L’amour, le partage et la liberté d’expression — au sens plein et non marchand de ces termes — sont les formes d’existence humaine les plus radicalement irréductibles à la logique marchande. On peut vendre du contenu amoureux, mais on ne peut pas vendre l’amour. On peut monétiser le partage, mais on ne peut pas acheter le don véritable. On peut garantir formellement la liberté d’expression et en organiser la commercialisation, mais on ne peut pas acheter la pensée libre.

Ce sont précisément ces dimensions que l’économie de l’attention cherche à coloniser — et c’est pourquoi leur défense est politique. Revendiquer le droit à une relation amoureuse qui ne soit pas une performance pour les réseaux sociaux, à une amitié qui ne se mesure pas en followers, à une pensée qui ne s’optimise pas pour l’algorithme, à une création qui ne cherche pas d’audience : c’est refuser la marchandisation intégrale de l’existence.

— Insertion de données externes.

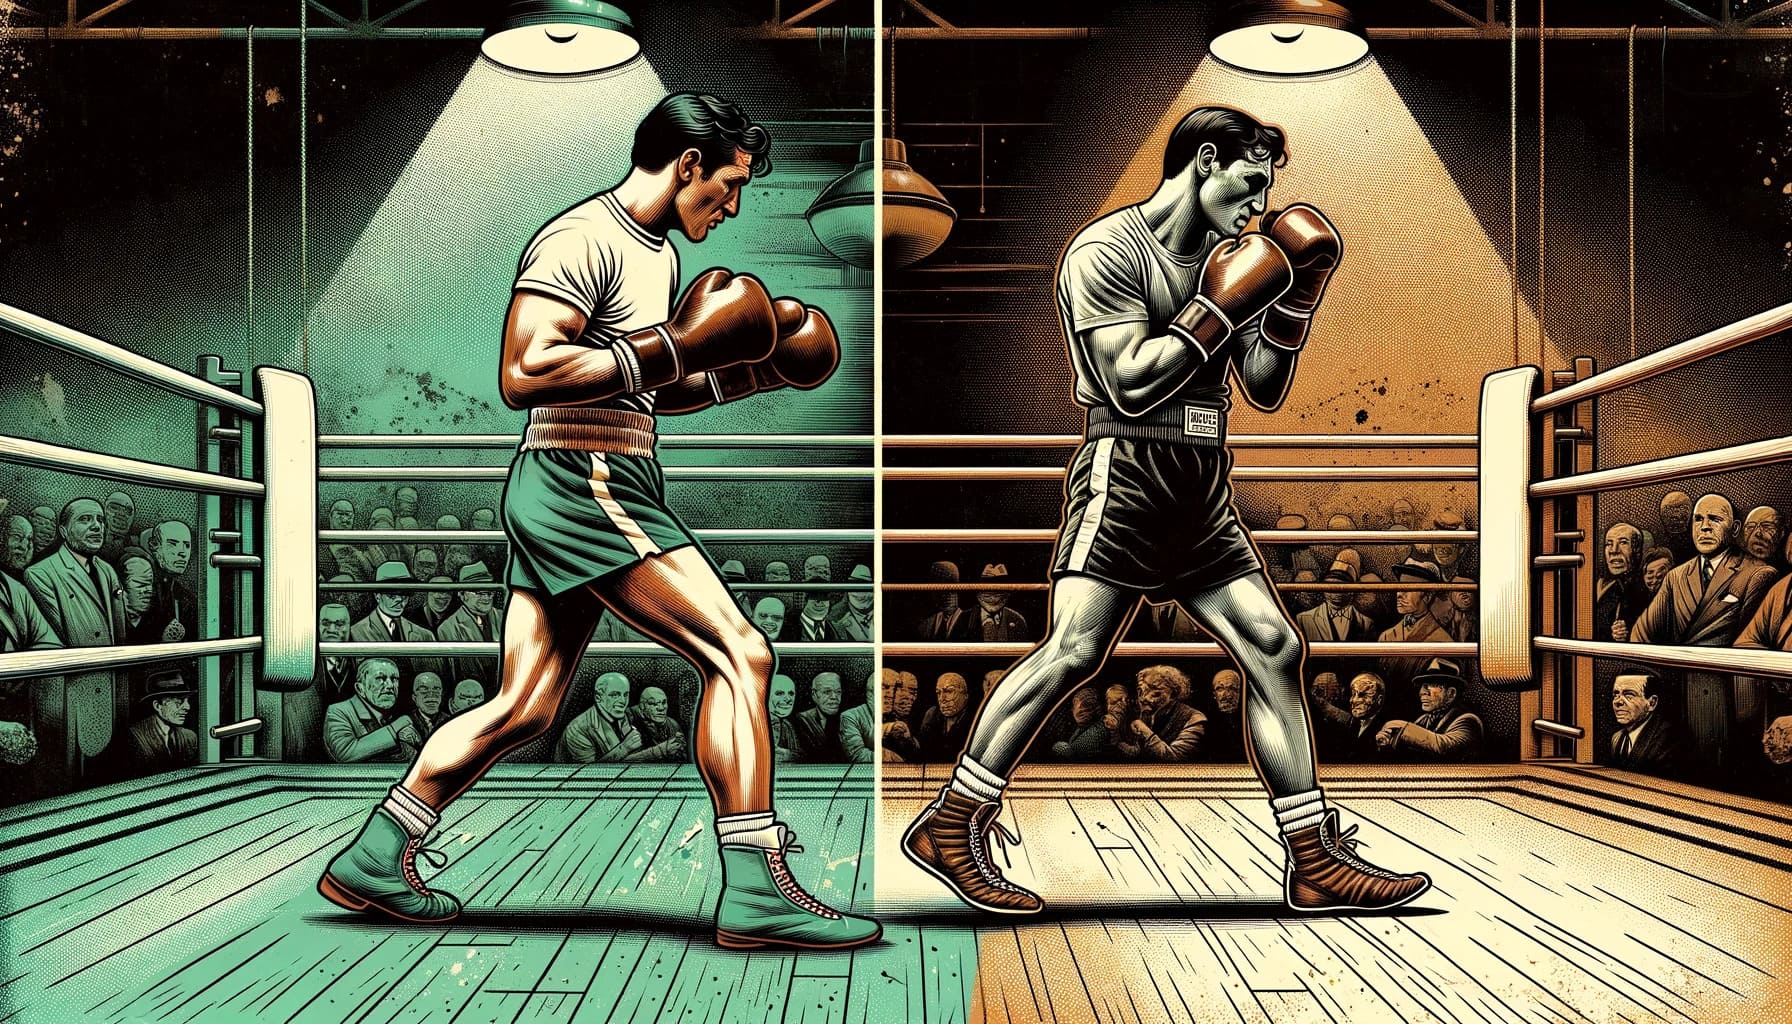 contrasting styles of boxing one representing

Il est significatif que les traditions philosophiques et spirituelles les plus diverses — le bouddhisme zen, le christianisme mystique, le stoïcisme, l’existentialisme — aient toutes identifié dans la capacité à être pleinement présent, sans distraction, sans performance, sans audience, une condition essentielle de l’épanouissement humain.

 

Bordiga, la contre‑révolution permanente et la question de l’alternative

Amédéo Bordiga, fondateur du Parti communiste d’Italie et penseur d’une radicalité rare, avait développé, dans les années d’après‑guerre, une analyse du capitalisme comme système auto‑reproducteur dont la puissance tient précisément à sa capacité à absorber et neutraliser toute opposition. Pour Bordiga, le capitalisme ne se perpétue pas seulement par la force : il se perpétue en transformant les résistances en ressources. (Bordiga, Prolétariat et Anti‑Prolétariat, 1951)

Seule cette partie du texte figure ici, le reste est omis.